From Jim O'Brien
June 15, 2018

Hi Friend,

Beacon of Freedom

To say that Washington D.C. is the capitol of the United States does not adequately credit the universal influence of such a great city. For over two hundred years it has been a beacon of freedom to huddled masses around the world suffering under the tyranny of despotism.

Many of my ancestors migrated here in search of liberty represented by documents now enshrined behind bulletproof glass cases in official government buildings in Washington. A few years ago, returning from the Feast of Tabernacles, Donna and I stopped at J.W. Marriott in downtown D.C. for a few days. Almost as an aside we stopped at the National Archives to see first hand, three of the most important documents man has ever written.

Those documents housed side by side in one case are the Magna Carta, the Declaration of Independence and the Constitution. It was almost breathtaking to gaze down at the handwritten inked parchment penned hundreds of years ago that dramatically impacted the world we live in. If these documents did not exist the lives of all of us reading this would be far worse.
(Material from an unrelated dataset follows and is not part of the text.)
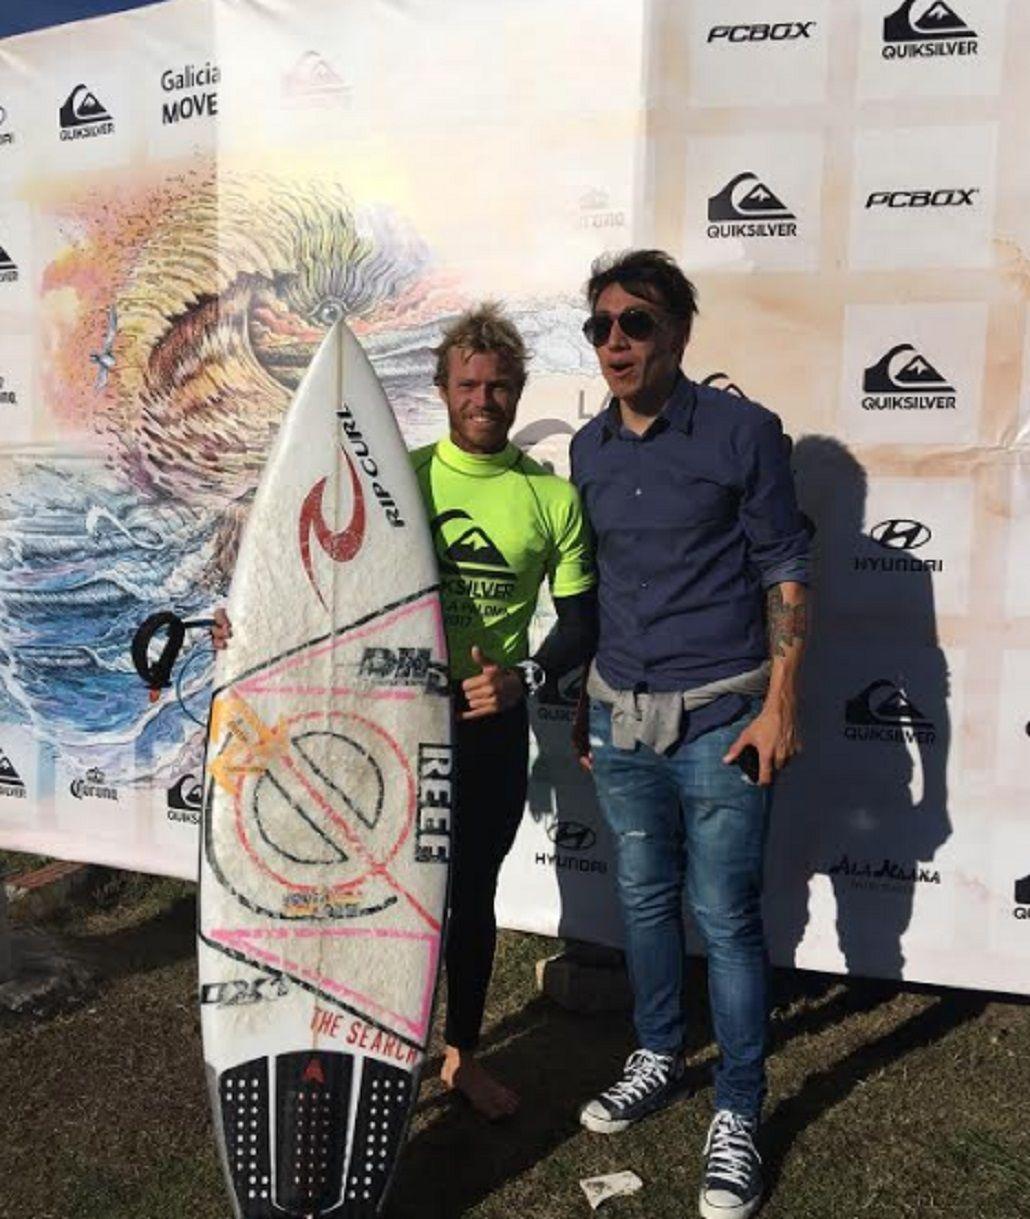 El futbolista Pablo Lugüercio fue a ver el torneo y charló con el campeón Lele Usuna. Contó que ya se sube a la tabla y apreció que el ambiente del surf es mucho mejor que el del fútbol

Each of the three contains a fascinating history which ought to be required reading for every student in American schools. The Magna Carta enumerated such basic principles as due process, trial by jury, habeas corpus and no taxation without representation. These concepts were central to English law and became the foundation for American freedoms.

The American Revolution was fought, not to separate from England, but to secure freedoms guaranteed to all English citizens.

It is not widely known that the copy of the Magna Carta housed in the National Archives is privately owned. David M. Rubenstein purchased it at auction and put it, in his words, "on long-term loan to the National Archives as a gift to the country and as modest repayment of my debt to this country for my good fortune in being an American." Such a statement of gratitude is evidence of a great man.

All of that said, these three documents pale into insignificance when compared to the greatest statement of freedom in the history of man-the Ten Commandments. There is no other political document that has supported man's desire for freedom more than the words written by God on two tablets of stone. It is the ultimate social contract-how we should conduct our lives with our fellow man.

And of those ten rules, the command to keep the Sabbath may be the most significant law to make man free. For the first time since creation man was commanded to NOT work one day of each week. What other government has, either before or since, made such a law? What other god ever provided a day of freedom?

Not only man, but also beasts of burden enjoyed this day of rest. If that wasn't enough the environment was protected by a Sabbatical year in which land could rest every seventh year. The Sabbath command perfectly combines love of man, animals and the environment into one law.

Coming on the heels of slavery to Egyptian tyranny the Sabbath command represented a dramatic change in the conditions under which man had suffered. Unlike slaves, free people can choose NOT to work. So God commanded that the Israelites worship Him on the Sabbath because He had set them free.

If there is one law that could be singled out to benefit American families it is to keep the Sabbath! The Israelites of Moses' day were enslaved to cruel taskmasters until God intervened to remove the shackles. Today, Americans enslave themselves to work seven days a week. By doing so we sacrifice time with family, friends and God.

Now more than any other time it is important to be free. The best place to start is to remember the Sabbath, the beacon of freedom!